Kevin Seal is an American television presenter and voice actor.

==Biography==
Seal was an MTV VJ in the late 1980s, the host of the pilot of Club MTV (according to an MTV special) and one of the hosts of the influential alternative-music program 120 Minutes, which debuted in 1986. After leaving the program, he hosted MTV's Headbangers Ball from 1987 to 1988 and Kevin Seal: Sporting Fool for which he won a Cable Ace Award in 1990. Since leaving MTV, he made occasional TV and movie appearances, including a starring role in the 1992 interactive cinema film I'm Your Man.

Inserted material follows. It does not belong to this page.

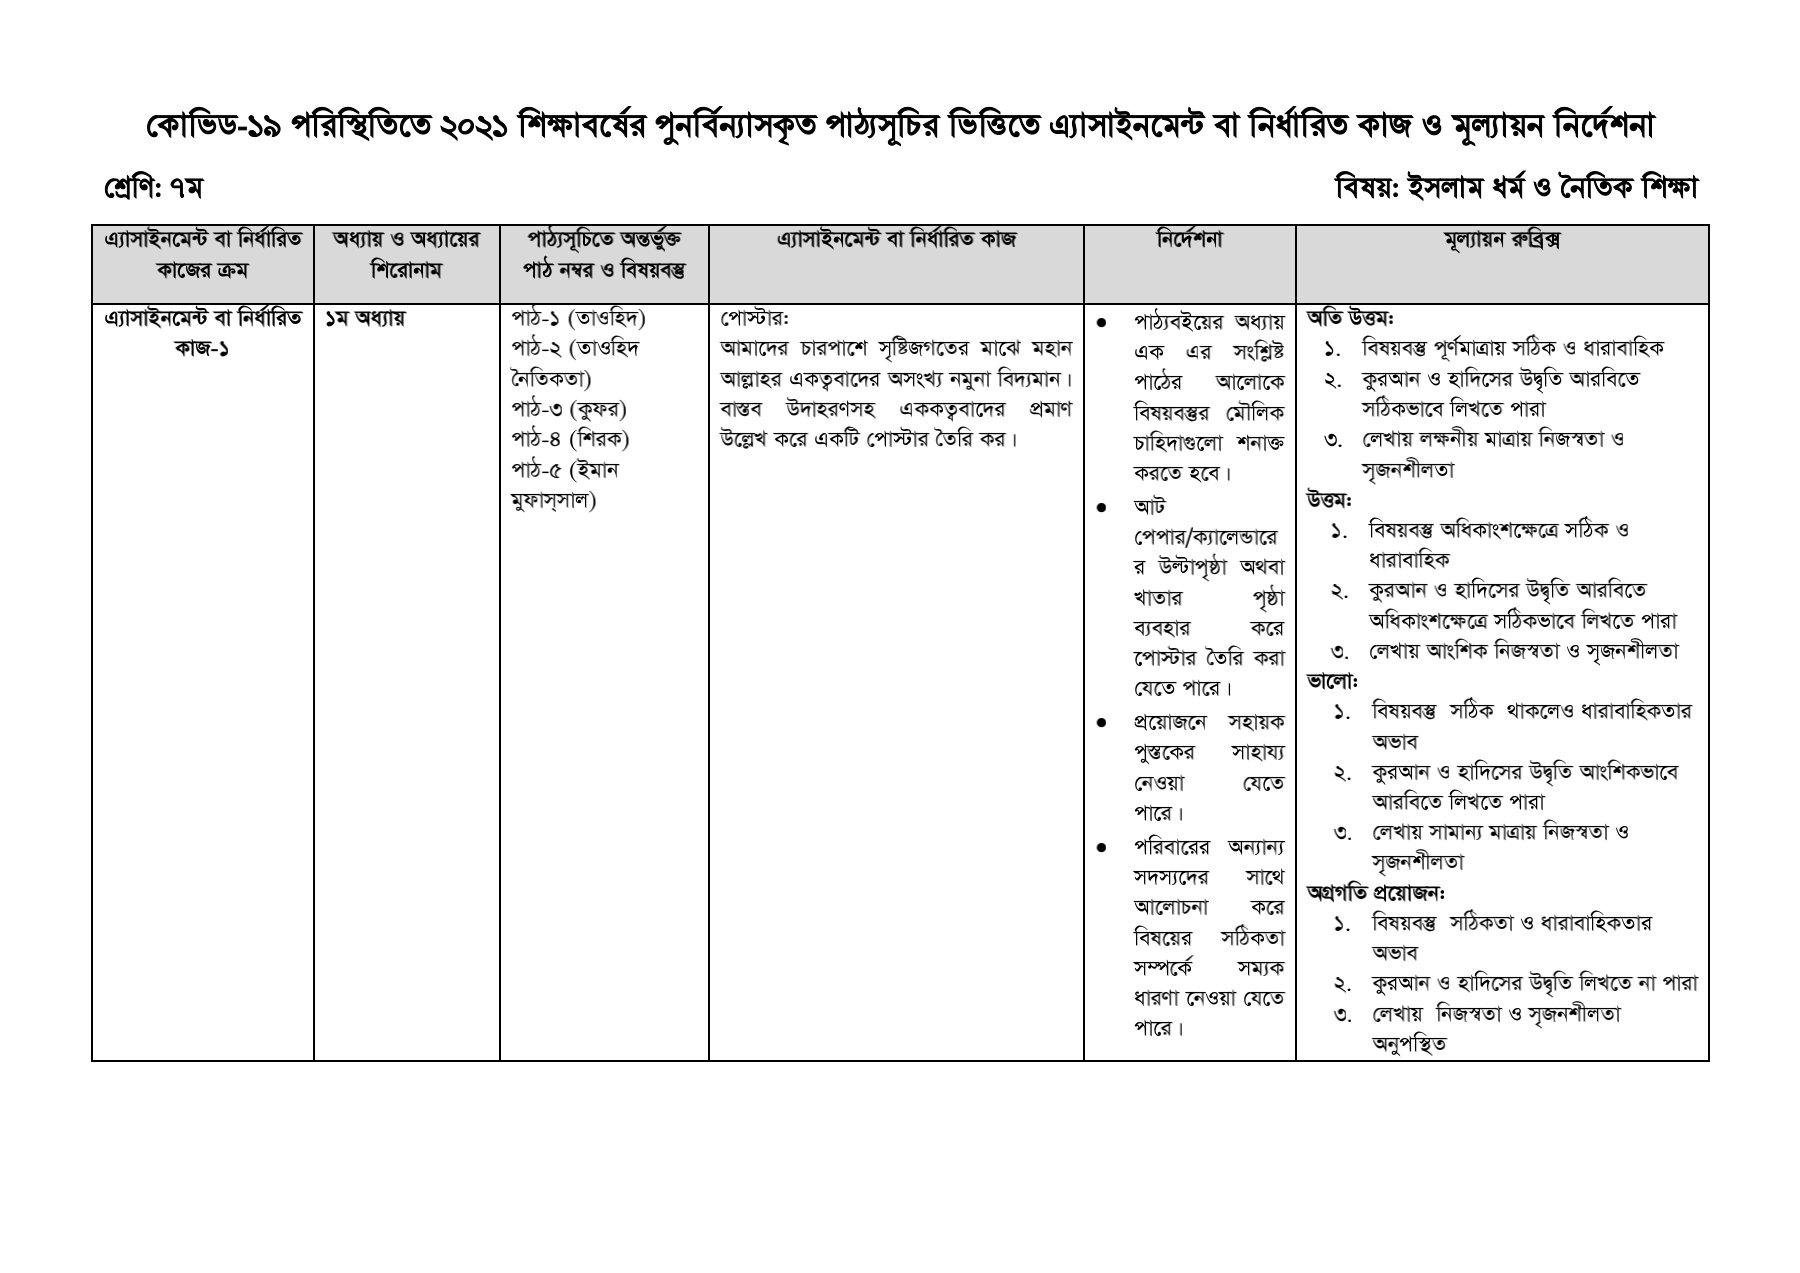 Class 7 1st Assignment Solution 2021   | ৭ম/সপ্তম শ্রেণীর এসাইনমেন্ট উত্তর/সমাধান ২০২১

In 2000, he was cast as voice talent for both the lead character and primary antagonist in the Cartoon Network series Sheep in the Big City. Seal was also the host for the pilot episode of the Nickelodeon game show, Figure it Out in 1996 before Summer Sanders took over as the series host when the show officially premiered a year later. After going to school for industrial design, he began designing and building furniture.

==Personal life==
Seal lives in Seattle. He was married to director Lynn Shelton. He does voiceover work and is a stay-at-home dad to his son, Milo.